Gavin Andresen Unwilling to Be “High Priest” of Bitcoin

The bitcoin network has been operating in a decentralized manner since its inception, perhaps one of the reasons why it has been an appealing industry or mode of transaction for many. However, there have been several issues concerning the system that might require some form of governance or oversight.

For one of the lead bitcoin developers Gavin Andresen, there is a difference between governance and government in the cryptocurrency arena. In his podcast for Epicenter Bitcoin, Andresen pointed out that while the development has been limited to a few people, there are several stakeholders such as companies, miners, payment processors, and everyday users involved.

On Bitcoin Governance

“When I say governance, I don’t mean government. We’re governed by all sorts of things,” Andresed clarified in the podcast with hosts Brian Fabian Crain and Sebastien Couture. “We’re governed by our government, we’re governed by the laws of physics, we’re governed by social norms. There are all sorts of things that affect our behavior.”

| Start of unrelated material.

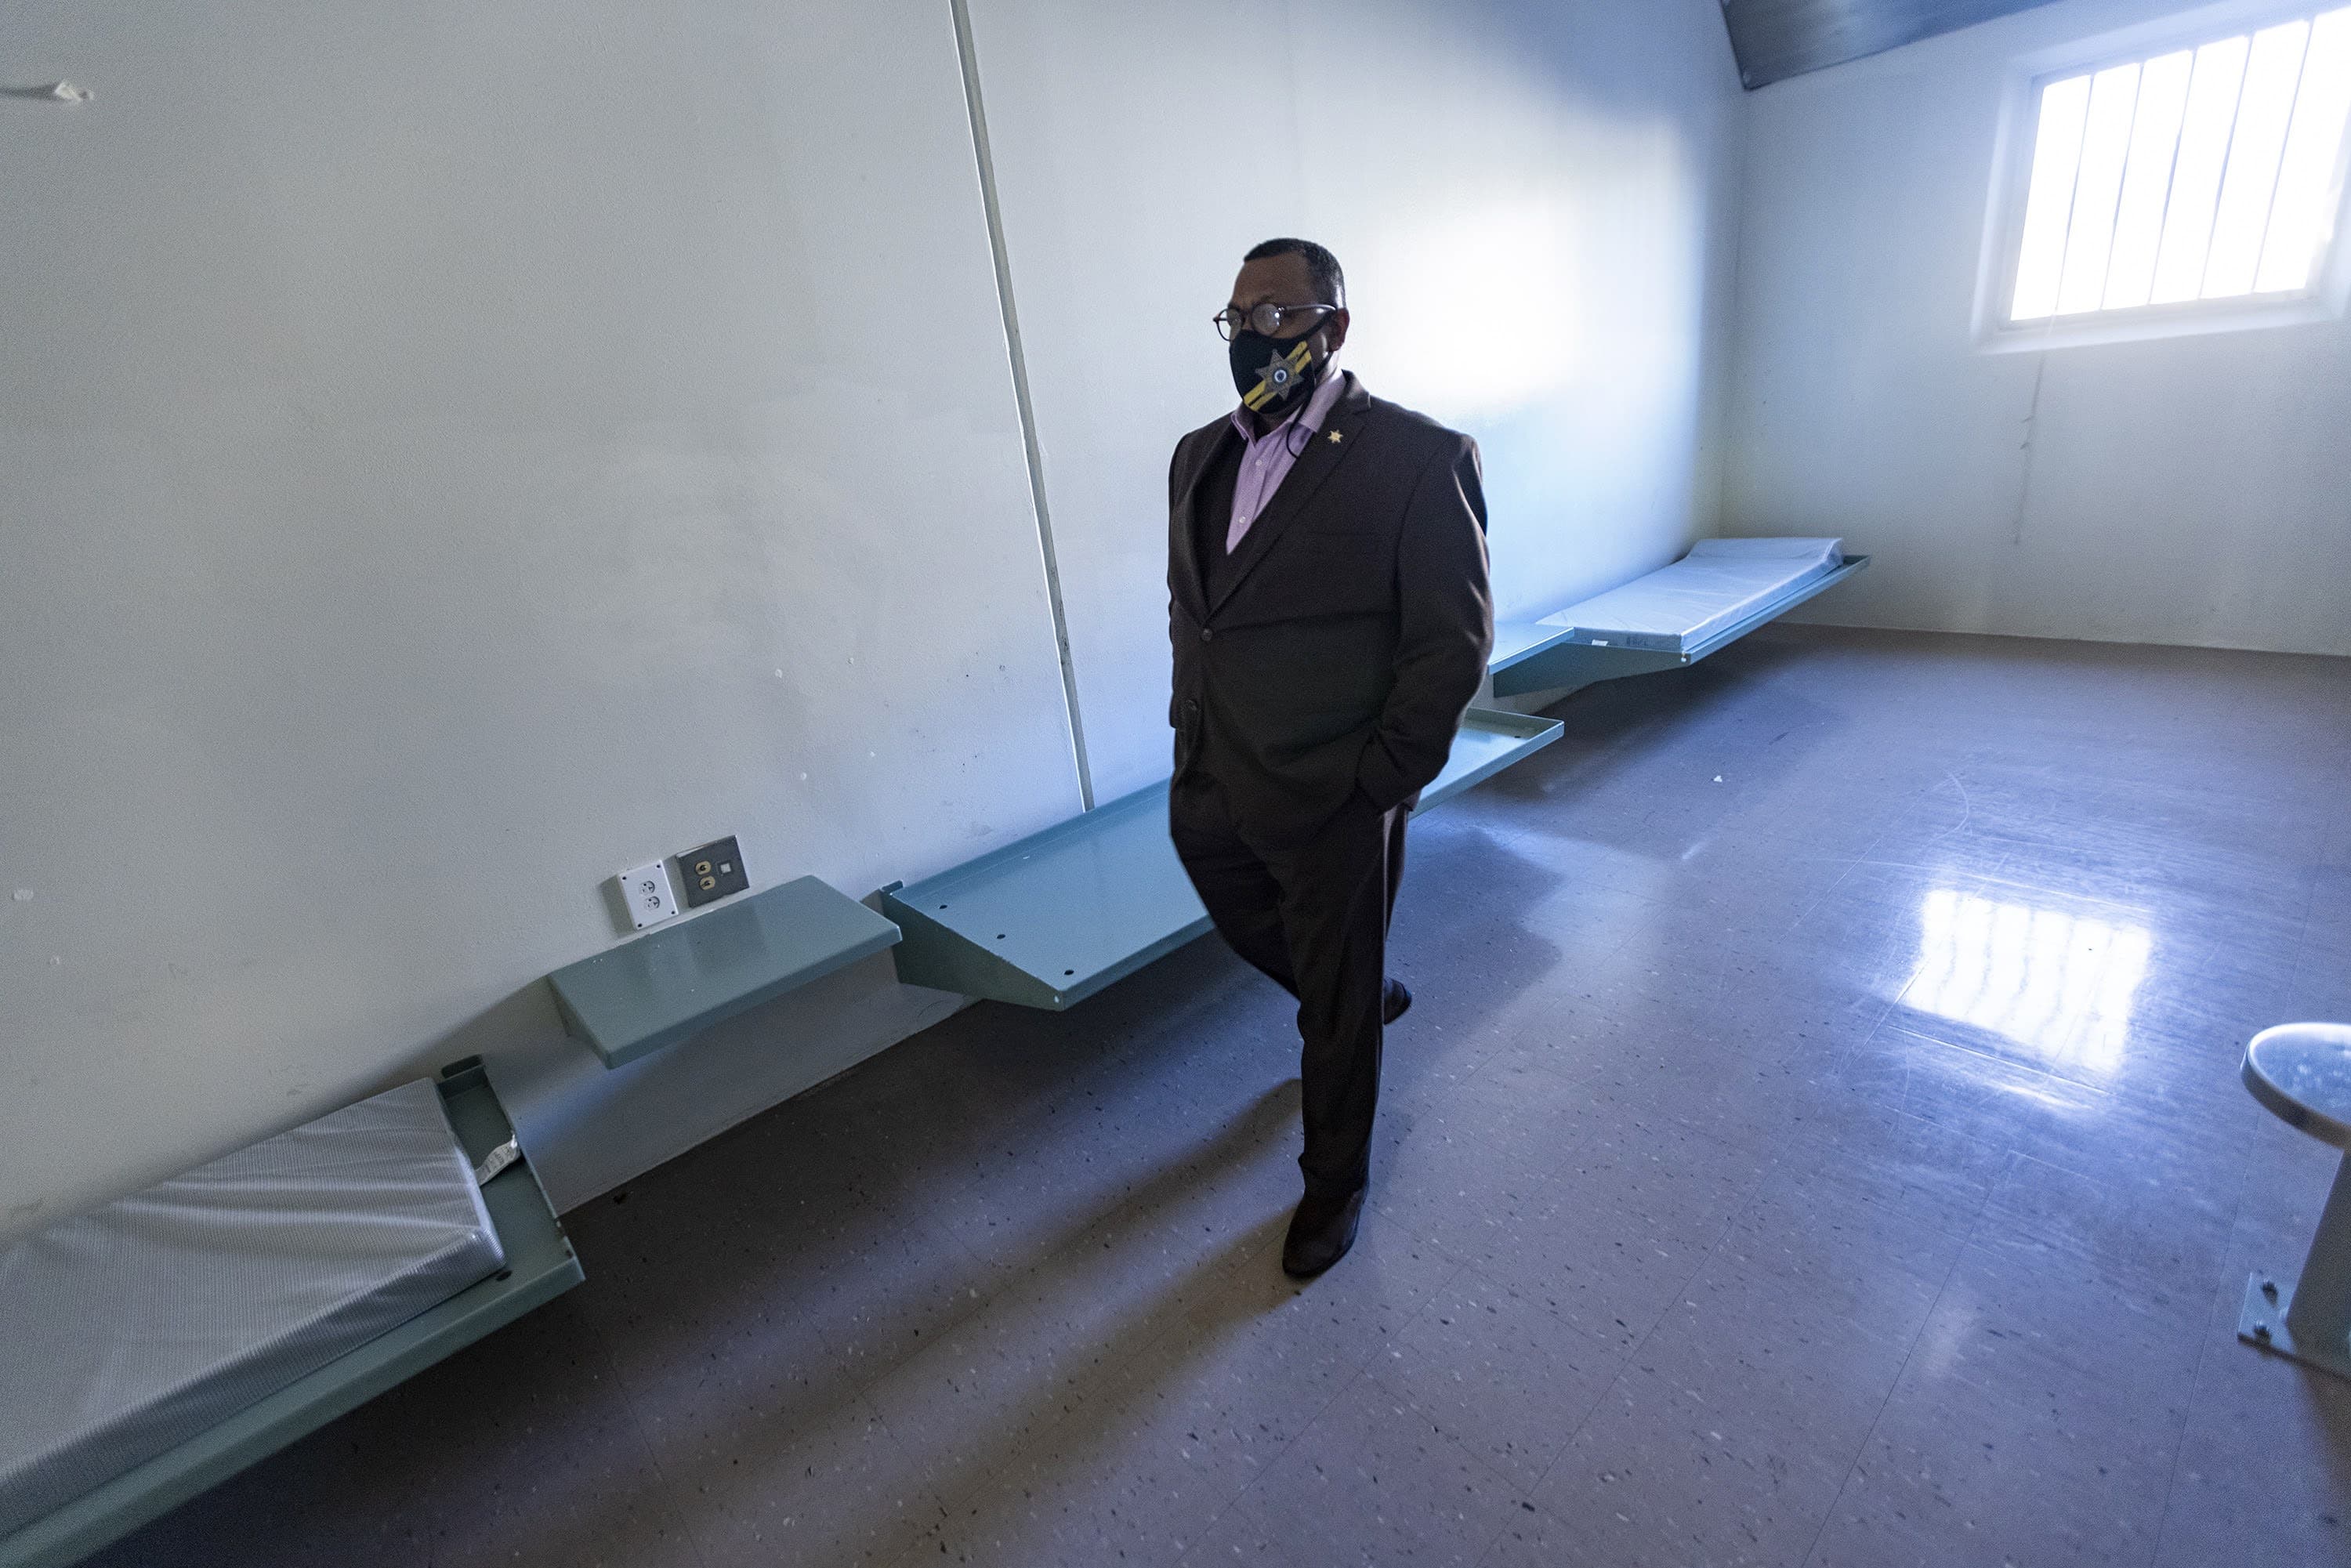 Sheriff Steven Tompkins walks through one of the jail cells he says will be turned into a room that will house some people without homes who live in tents around Boston's so-called &quot;Mass. and Cass&quot; area. (Jesse Costa/WBUR)

Recall that the bitcoin network was recently subjected to a hard fork, wherein two separate versions of the software are being run. This was done to enable the network to choose which version to favor – Bitcoin Core or Bitcoin XT – and to help settle the block size debate in increasing the limit from the current 1MB. Many argue that increasing the block size limit would enable the network to facilitate more transactions at shorter times, but this decision might have negative repercussions for other members of the community, hence the standstill.

Other developers have also clamored for a more organized form of decision-making in the community, with some writing an open letter to propose events in which a consensus can be reached. “I don’t think it’s going to make or break bitcoin if the discussion goes nowhere, because when it comes right down to it, the governance is whatever code the people are willing to run,” said Andresen in the podcast. “I don’t think any of us… want to be the high priests of Bitcoin. We need to find a new way of governing, a new way of coming to decisions and have everyone be happy with the process and the decisions that are reached.”